Keyspace = {
Column Family : {
Row Key : {
Column Name : 'Column Value'
Column Name : 'Column Value'
Column Name : 'Column Value'
...
}
}
}Think you understand it? Pretend that you don’t know the meaning of Row, Key or Column. I wish someone told me that before I got into Cassandra.
Pop your stack: the relational model (mostly) does not apply
A paradigmatic dichotomy of data modeling is the notion of serial vs. parallel. Whether in databases or programming languages etc., a lot of effort has been made to express data in series, parallel, or some composition of both.
Series
a number of things, events, or people of a similar kind or related nature coming one after another …
In programming languages you have arrays, lists, vectors, etc.; in databases you have tables of rows. In a database you might find a table named user, probably stores one or more user records; any record in the user table does not necessarily relate to any other; any limits to the number of records in the user table are implementation dependent and for the most part be considered arbitrary.
Parallel
occurring or existing at the same time or in a similar …
or
The opposite of series.
Databases represent these as row of columns; Programming languages have tuples, maps, hashes, structs, classes, etc. Continuing the database example, a record in the user table probably stores exactly one fixed size set of facts about a user as fields; all fields are assumed to be true for that user in some greater disposition; altering the set of fields fundamentally changes the model.
Does Cassandra do this? Yes & No, at the same time.
In Cassandra you can have many columns in a row, at the time of writing about 2 Billion. Major relational databases have limits on the order of Thousands. If unintuitive, take a moment to grok the difference between Thousands and Billions, we are not comparing apples to apples.

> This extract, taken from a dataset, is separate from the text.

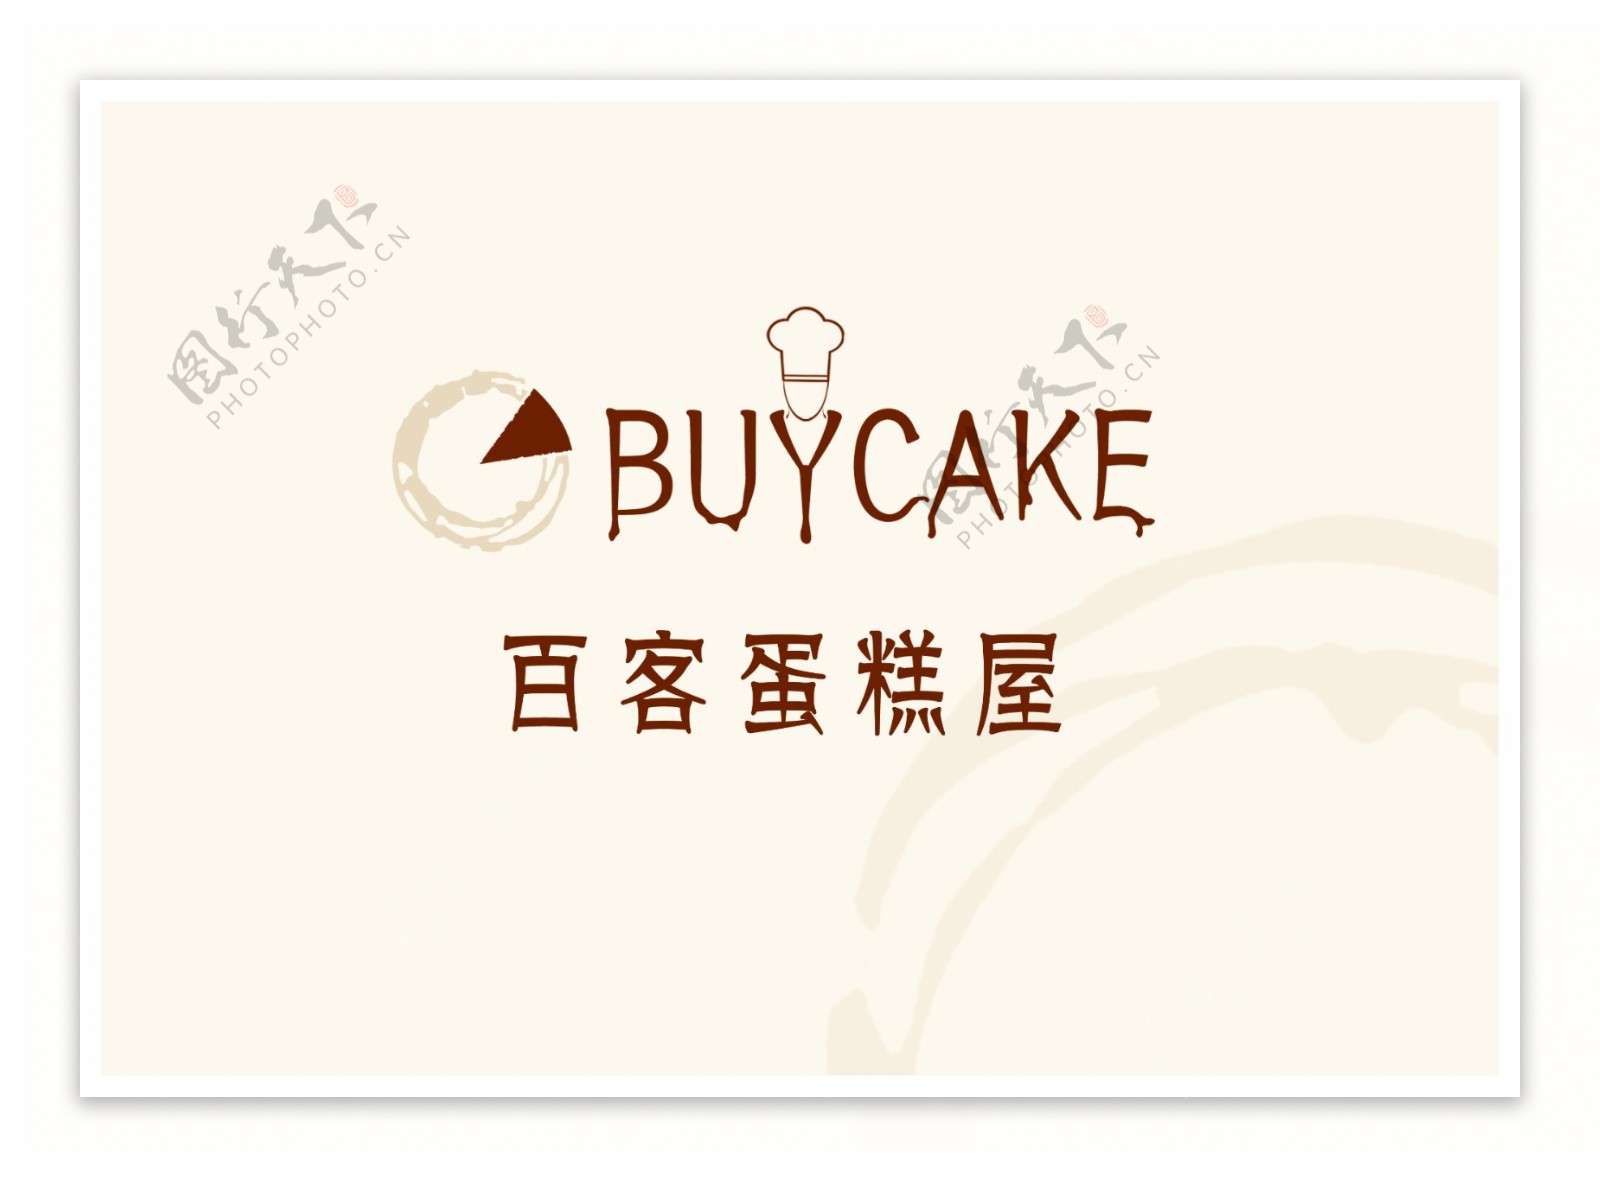 蛋糕屋logo图片

In this example, rows model entities and columns model keys. Depending on the replication strategy, bic and pilot might not exist on the same node. This is something to consider when defining the Keyspace.
Manufacturers = {
bic : {
origin : 'france'
year : 1945
}
pilot : {
origin : 'japan'
year : 1918
}
}In this example rows are series of model numbers and their respective description.
ProductDescriptionsByMfgr = {
bic : {
FRM41 : 'BIC 4-Color Ballpoint Pen Refill, Fine Point'
MRM41 : 'BIC 4-Color Ballpoint Pen Refill, Medium Point'
}
pilot : {
77227 : 'Dr. Glip, Better & EasyTouch Retractable Ballpoint Pen Refill, Medium, Black'
77228 : 'Dr. Glip, Better & EasyTouch Retractable Ballpoint Pen Refill, Medium, Blue'
77210 : 'Dr. Glip, Better & EasyTouch Retractable Ballpoint Pen Refill, Fine Point, Black'
77221 : 'Ballpoint Pen Refill, Medium Point, Black'
77222 : 'Ballpoint Pen Refill, Medium Point, Blue'
77215 : 'Ballpoint Pen Refill, Fine Point, Black'
}
}You should be experiencing some cognitive dissonance. It’s OK, Cassandra conflates series and parallel within a row. So add columns all day long, but still add rows all day long too.
It is important to know that all columns in a row are sorted. If I add another column to this row it will be inserted at the correct position. Even in the previous example, the column origin will precede year. How columns are sorted within a row is configurable per Column Family.
Also, no distribution or replication takes places within a row: each copy of a row will contain all columns; conversely if your replication doesn’t take this into consideration integrity or performance may suffer.
If you want something a more complex than a single datum as a column’s value check out Super Columns
The norm is to Denorm: model for queries.
If the intent of a query is to retrieve a single item then model that single item:
Procucts = {
77227 : {
description : 'Dr. Glip, Better & EasyTouch RetractableBallpoint Pen Refill, Medium, Black'
manufacturer : 'pilot'
price : '$1.59'
quantity : '2'
}
}If you need a listing of products with descriptions per manufacturer,
store exactly that (as in the ProductDescriptionsByMfgr example). Don’t feel the need to
normalize.
Is this a waste of disk? disk is cheap, querying a big dataset is not.
Mixing implementation and domain modeling …
It may seem as if there is no clean separation of domain modeling and actual implementation. The structures available in Cassandra come with many critical implementation-specific strings attached. Very true, but before holding this against Cassandra, consider if other database systems are free from this. Things like replication, sharding, data warehousing, denormalized data, etc. are common in decent sized implementations and will definitely leak back into the domain modeling.
Terminology killed the cat
Not only is Cassandra’s terminology confusing it’s downright misleading. Row, Column & Key all have existing semantics in the land of databases. To make matters worse, Cassandra’s definitions are not even orthogonal to the existing ones — they exist in a difficult state of quasi-synonymity.
Despite this disservice, the set of small unused words apropos of database is probably depleting as fast four-letter English profanity. I’ll take key over distributed ordered set descriptor any day.
I was thrown into the Cassandra pool without knowing how to swim, I hope this helps anyone in the same situation. Expert swimmers out there please correct me where wrong.